WHAT a game that was. Not classically beautiful, but exciting, completely fascinating and quite breathtaking in the way its issues and consequences reverberated right through the rest of the week.

Often, the big games can fail to deliver. Very often, the big Champions League games can be a letdown. For once, the hype merchants were right: Manchester United v Real Madrid was as epic as they promised it would be.

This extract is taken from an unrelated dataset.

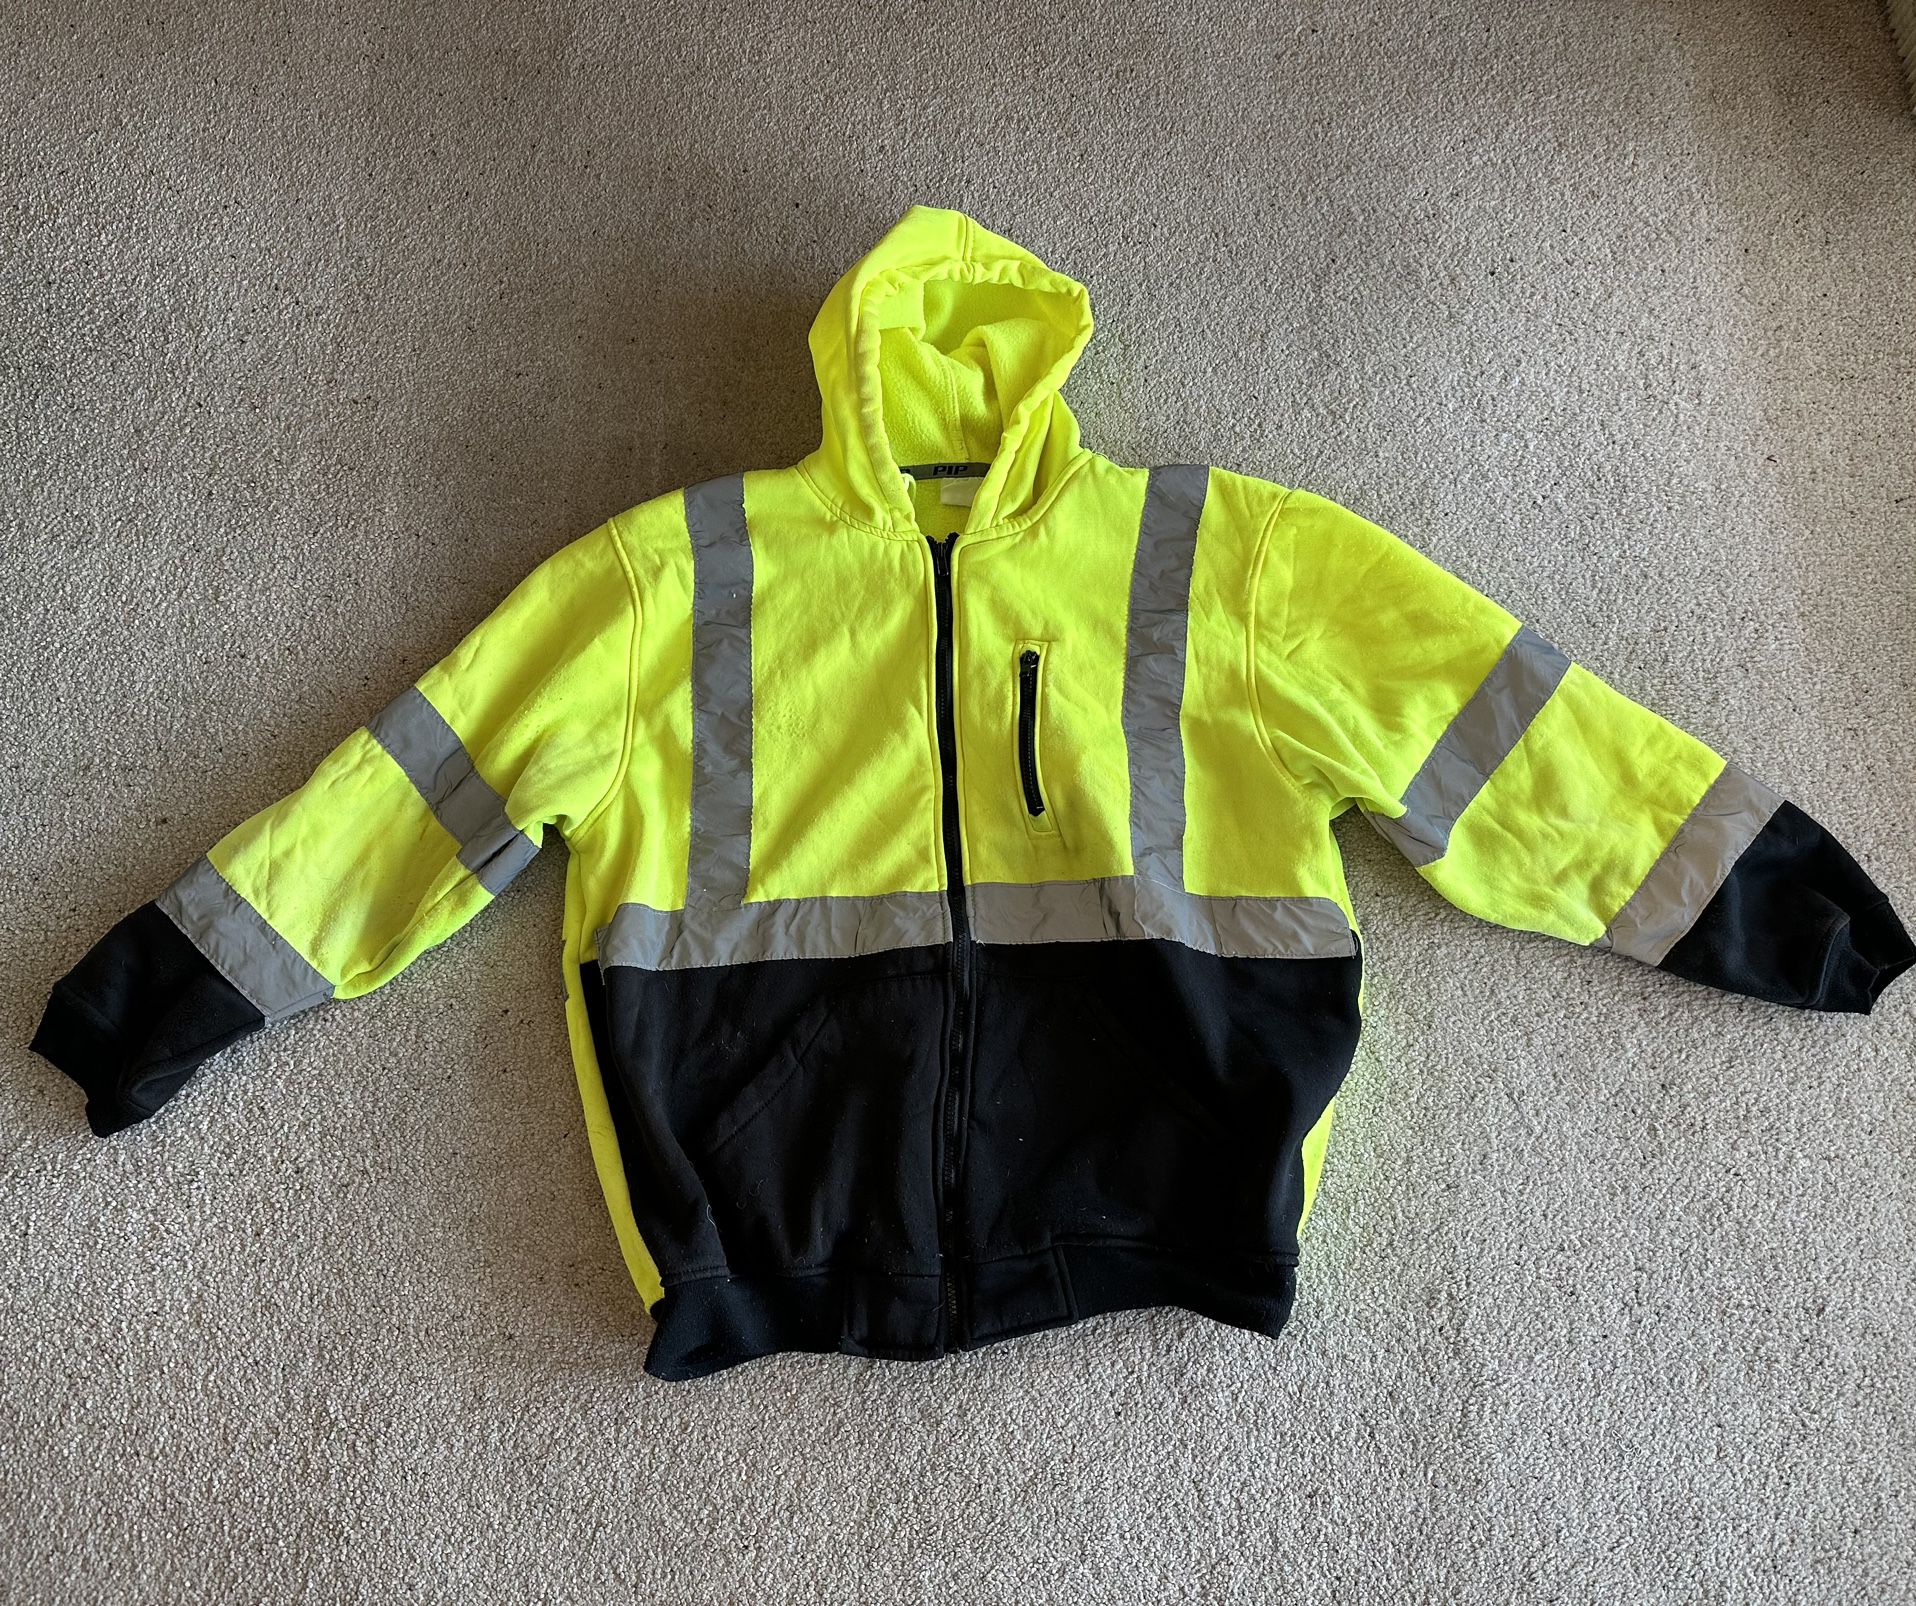 PIP Men’s 2XL 2X Large Type R Class 3 Yellow Lime Black Bottom Full Zip Hooded Safety Sweatshirt Jacket Hoodie Construction Survey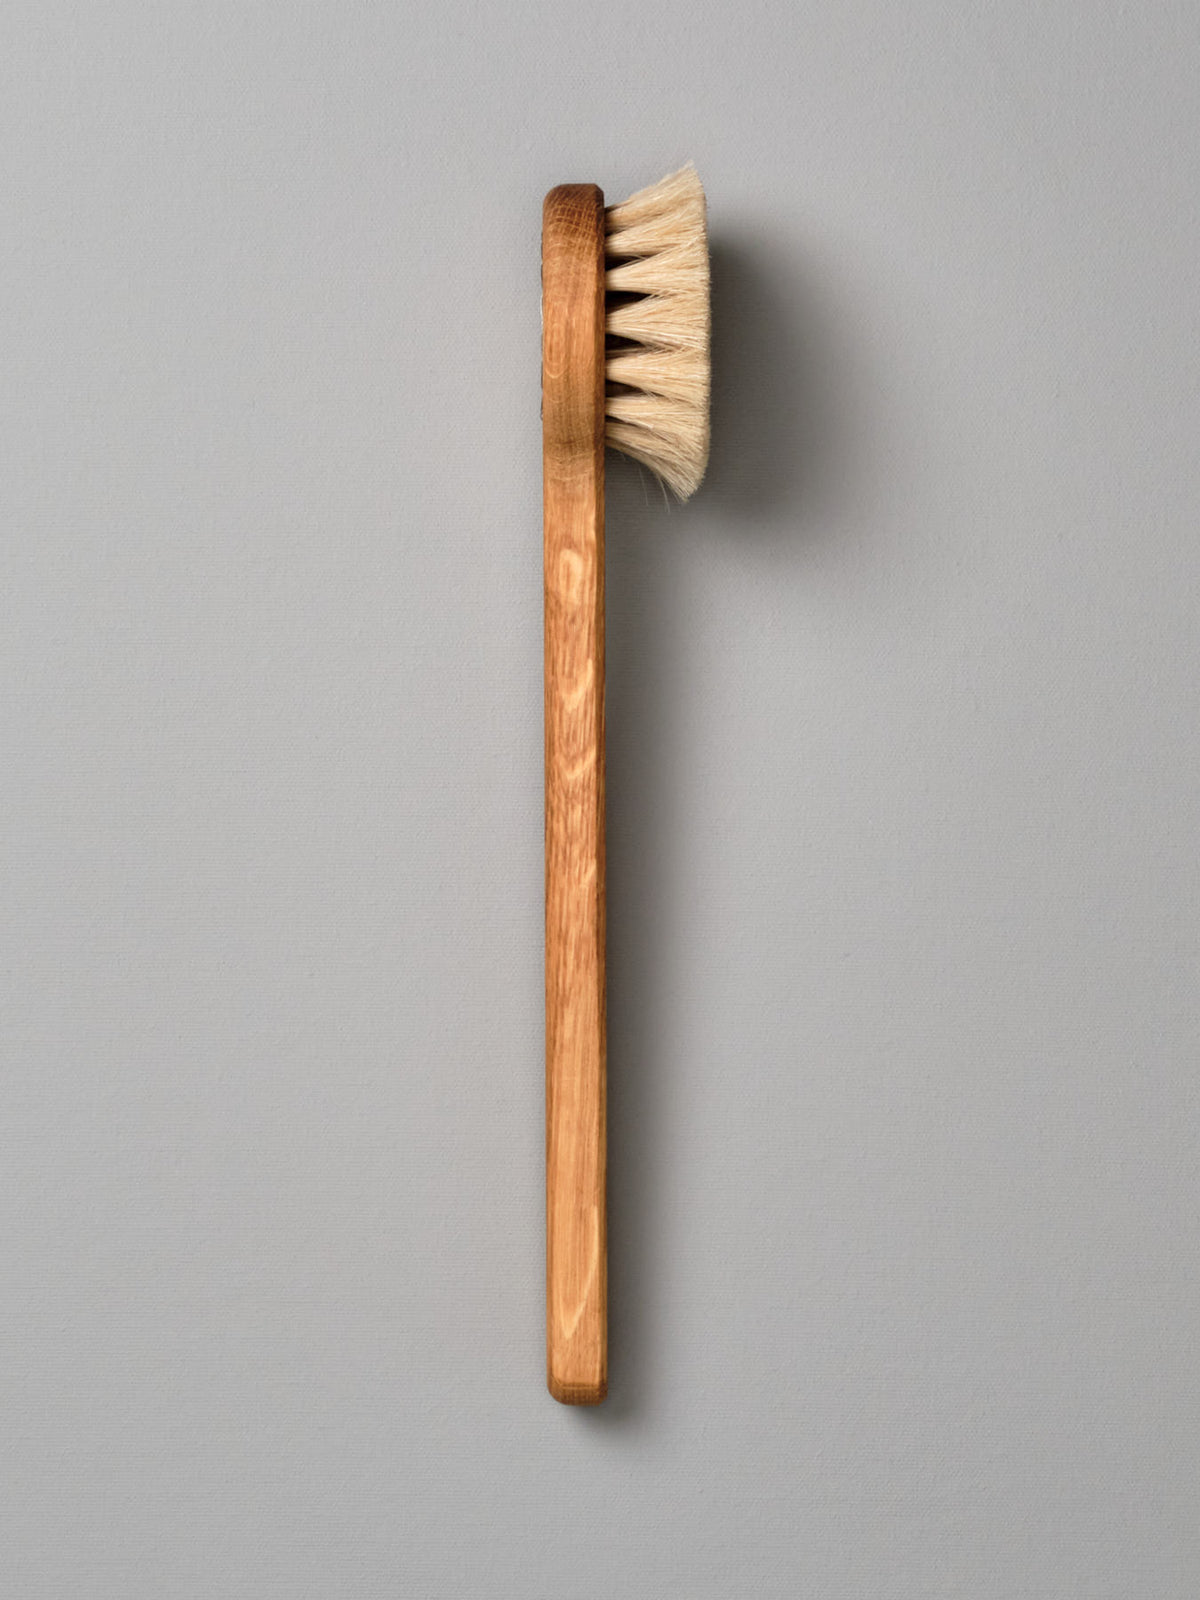 An Iris Hantverk Body Brush - Round Head with a handle on a gray background.

Post-match, so many of the key participants, or aspects, were being viewed in a different light and we were wondering how many would still be in the same place by the season’s end. Obviously Old Trafford will be there, but Tuesday didn’t so much make us think about it in a new light as an old one, from a time before the emergence of Roy Keane’s “prawn-sandwich brigade” (and more of Keano later). What an electric atmosphere, what an unholy racket. Rio Ferdinand – when he’d calmed down and stopped clapping dementedly in the ref’s face like a newly-elected member of the Bullingdon Club or a circus clown with two wet fish – said it was the most rumbustious the stadium had been. I loved the early shot from a pitch-level camera of the Stretford End looking vast and menacing. Surely it wasn’t just 1970s-obsessed me who was wondering if the occupants of the stand, to a man, had dressed in Doc Martens and braces especially for the occasion?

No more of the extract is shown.